Consider three special dice: A, B, and C. On a fair roll, A is more likely to beat B. B is more likely to beat C. But C is more likely to beat A. These are nontransitive dice.
Nontransitive dice are an interesting mathematical curiosity. Consider the following configurations:
- Die A has the numbers 1, 2, 5, 6, 7, and 9 on it.
- Die B has 1, 3, 4, 5, 8, and 9.
- Die C has 2, 3, 4, 6, 7, and 8.
If we pit A (top row) against B (left column), the winners are as follows:
Three roll combinations produce a tie. A wins 17 combinations, and B wins 16 combinations. In other words, this is not a fair contest: Die A has a slight edge over Die B.

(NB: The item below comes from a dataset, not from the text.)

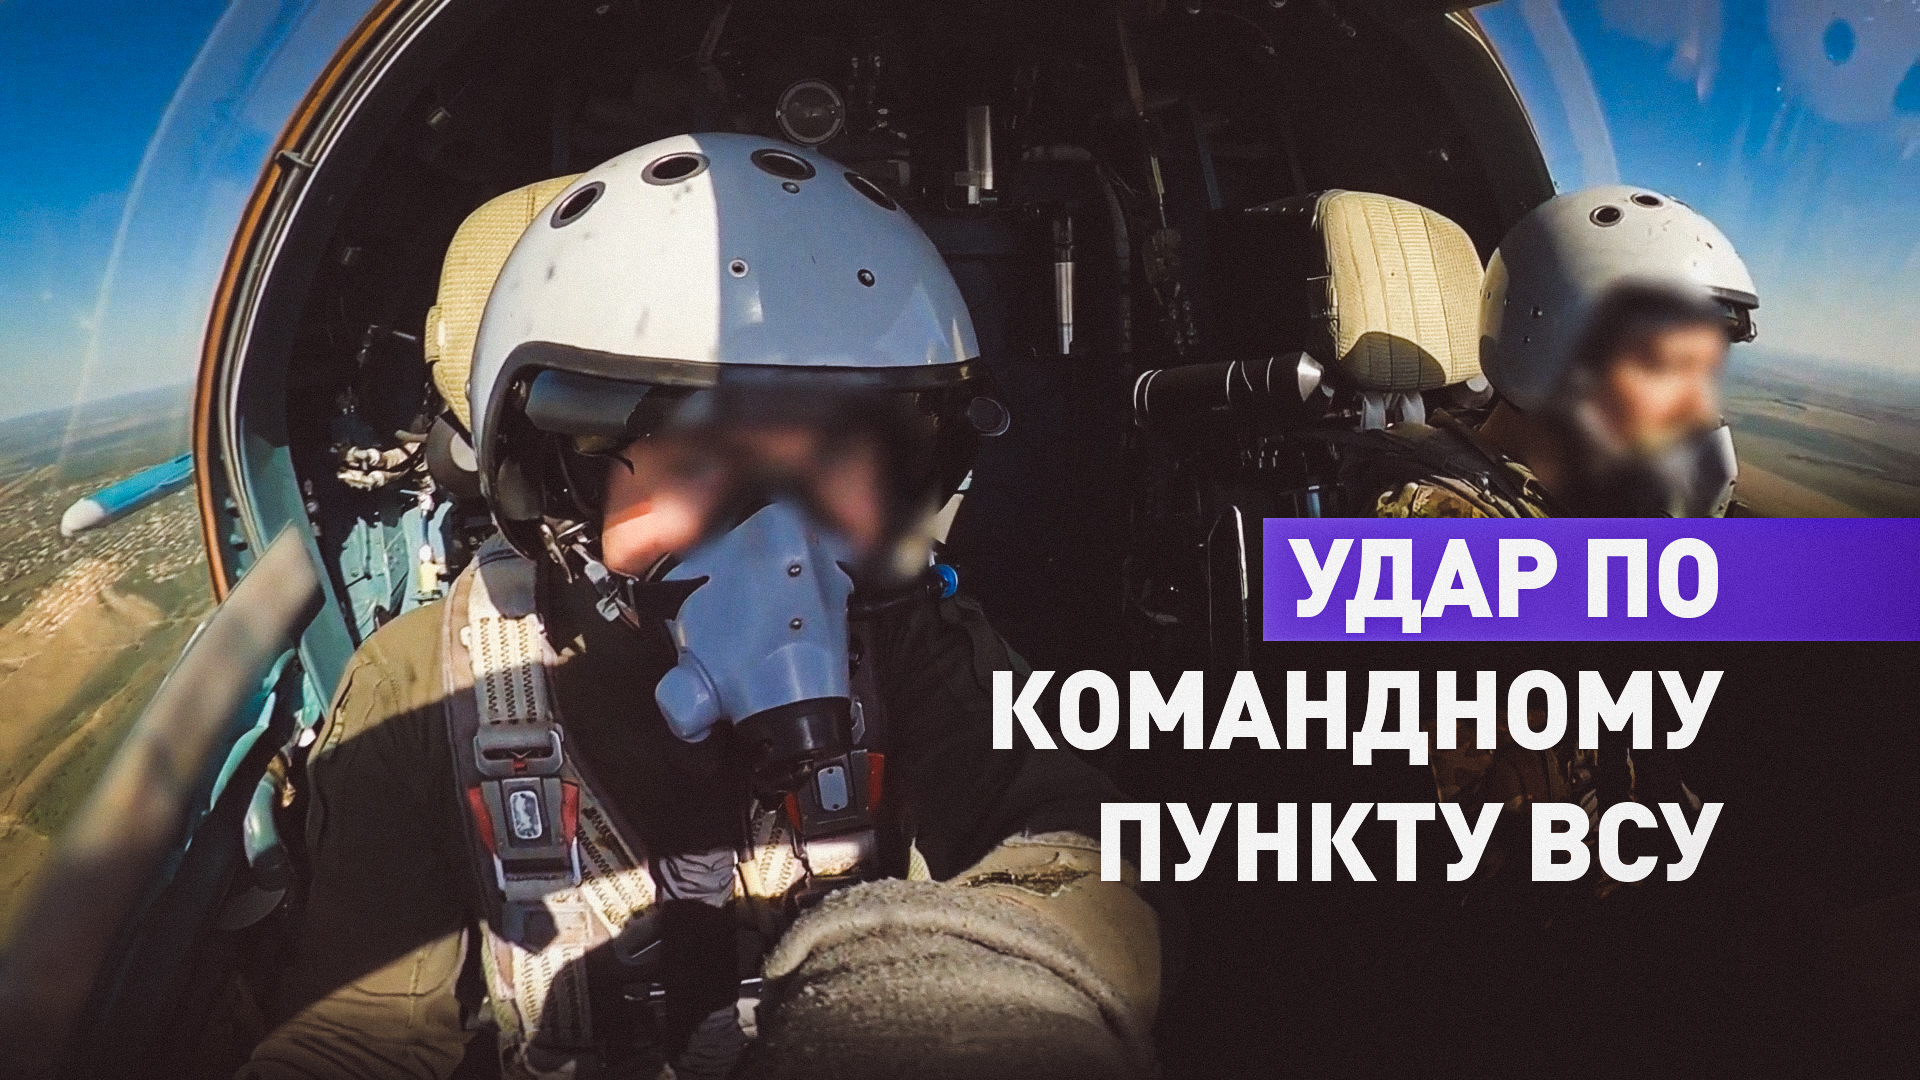 Уничтожение экипажами Су-34 командного пункта ВСУ бомбами с УМПК

If we make the same table for B vs. C, we would discover that B has an edge over C. It would be reasonable to conclude that A is the best die, followed by B, with C the clear loser. It would be reasonable, yes, but it’s also wrong. C has the same edge over A that A has over B – and that B has over C. The dice effectively function like rock-paper-scissors, with no one die having an advantage over the other two.
The set of three dice above are known as Mirwin’s dice, but they’re not the only nontransitive dice out there: lots of different number sets produce this effect. Apparently Warren Buffett is a fan: he once tried to scam Bill Gates with a set of nontransitive dice.